On the rear, you’ll find a 3-inch 1.04 million dots LCD screen which acts as your interface and viewfinder.
The screen has good visibility in bright light, and is also very clear and sharper, which helps in in-camera editing.
However, the LCD is not a touchscreen. Video capture at 4K/30p is possible, with three slow motion options, and you can opt for 1080p to record at 60fps.
This camera allows Wi-Fi connection which requires the Olympus Image Share app to connect to your smartphone. The app is available for Android and iOS.
There is an in-built GPS too, but always remember to turn it off, because it drains the battery even when the camera is powered down.
However, as we pointed out earlier, the LCD screen is not touch-enabled. It isn’t good for selfies. Also this camera is expensive, so if your budget is limited, go for the previous Tough TG-5 version.
Overall, the TG-6 is a camera you can take to places where there is a risk of dropping or breaking, making it the best camera for travel to your most rugged adventures.
Best uses for the Olympus Tough TG-6?
- Since it can function underwater, withstand drops and endure extreme temperatures yet still snap lifelike photos, you can take it diving, snorkeling, or rock climbing.
- As it is easy to use by virtually everyone, it’s best for family holidays, group camping safaris and beach outings or skiing in the snowy mountains.
Here are the meanings of important terms to know when buying your best camera for travel
This is the hole in the lens that lets light in.

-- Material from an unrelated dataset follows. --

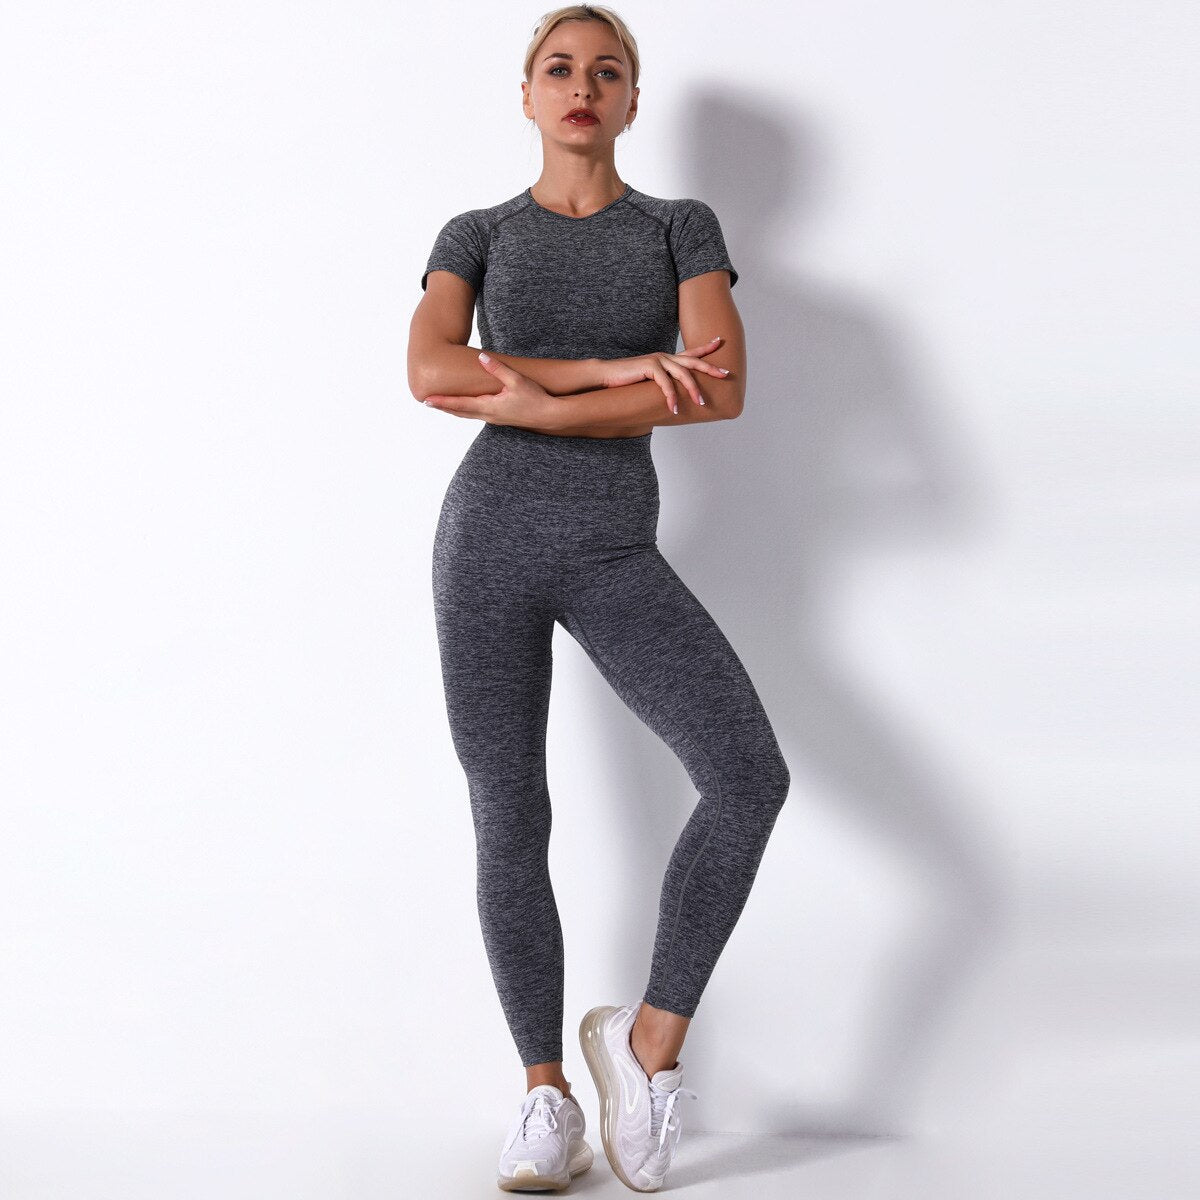 High Waist Seamless 2pc Set of Leggings and top for Running & Yoga for Women, JD Sports, Sports Direct, DecathlonHigh Waist Seamless 2pc Set of Leggings and top for Running & Yoga for Women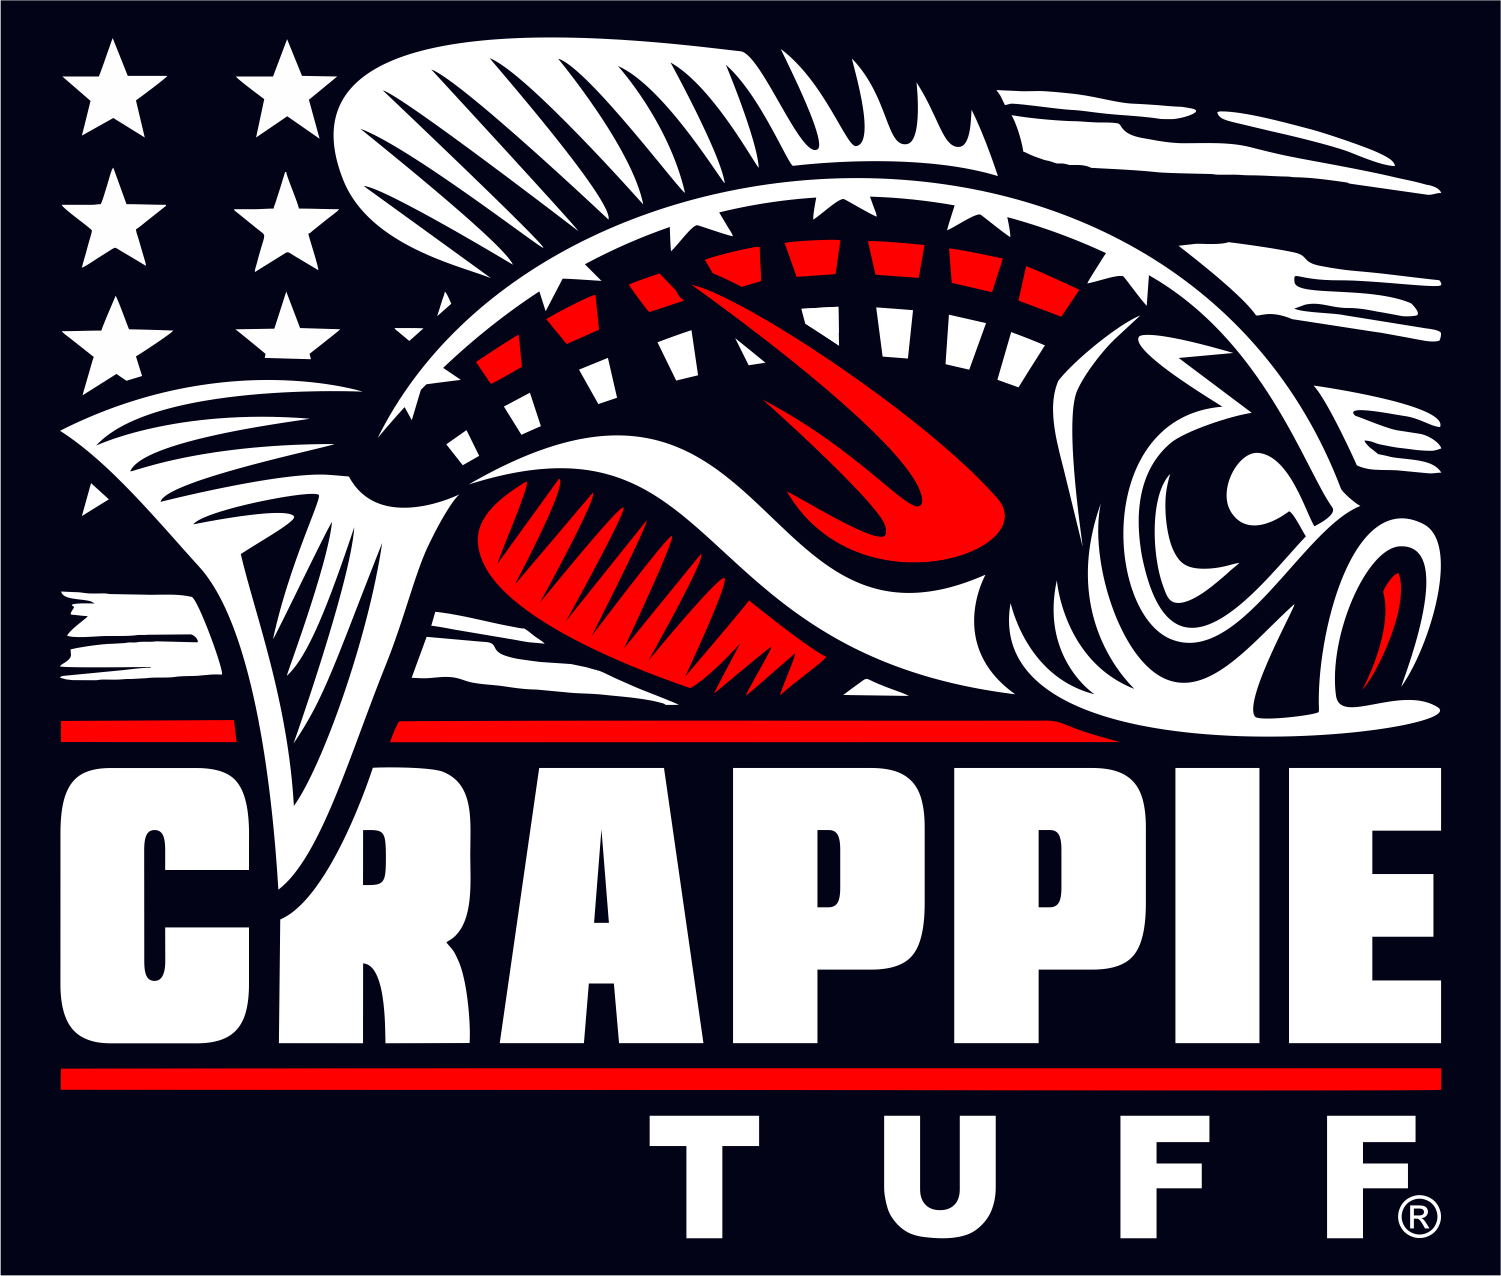 Crappie Tuff -Patriot - 5 x 4.25 -water proof Decal - Crappie

It is measured in numbers, starting with the letter “f” followed by a number, for example, f/1.8 or f/2.2. The smaller the number, the bigger the hole, and the more light that gets in even in dim locations.
This signifies the largest magnification that the camera’s lens can attain. For example, a camera with a 10x optical zoom can make objects in the image appear 10 times larger when the camera is zoomed in.
This is a number you’ll see on cameras with interchangeable lenses. It’s actually the correct photography term for optical zoom. It’s measured in “mm”, so a bigger focal length means more magnification by the lens.
This stands for Electronic Viewfinder. Though the EVF is smaller than the LCD screen on the back of the camera, they both show you what the camera’s sensor is seeing.
This is the number of pixels the camera’s sensor holds. Mega means million. Any camera with 12 megapixels (or 12 million pixels) is good enough. Anything more than that is only handy if you are going to print your photos on large-size billboards.
OIS / EIS
This stands for Optical Image Stabilization or Electronic Image Stabilization. They are technologies that offset small movements of the camera system which may affect image quality, e.g. your hand. Generally, a camera with OIS technology achieves better results.
This is a crucial specification to check when purchasing a camera. A camera with a bigger sensor captures more light, thus doing better in low-light situations.
This is a file format that allows you to save the image captured by the camera as unmodified data. Shooting and saving your image in RAW format offers you more control over how your image finally looks.
However, file sizes in RAW format are bigger than JPEG/JPG versions. Most cameras allow you the choice of shooting in RAW or JPEG or both.
Best Camera For Travel – In Conclusion
The travel cameras listed here suit a wide range of budgets, needs and expertise levels, but it is by no means an exhaustive list. Your choice of the best camera for travel depends on your needs and financial muscle.
So carefully think about which features and specs interest you most in order to make an informed decision. We hope that after reading this post, you’ll be able to choose the right camera- even if it isn’t one we’ve suggested here.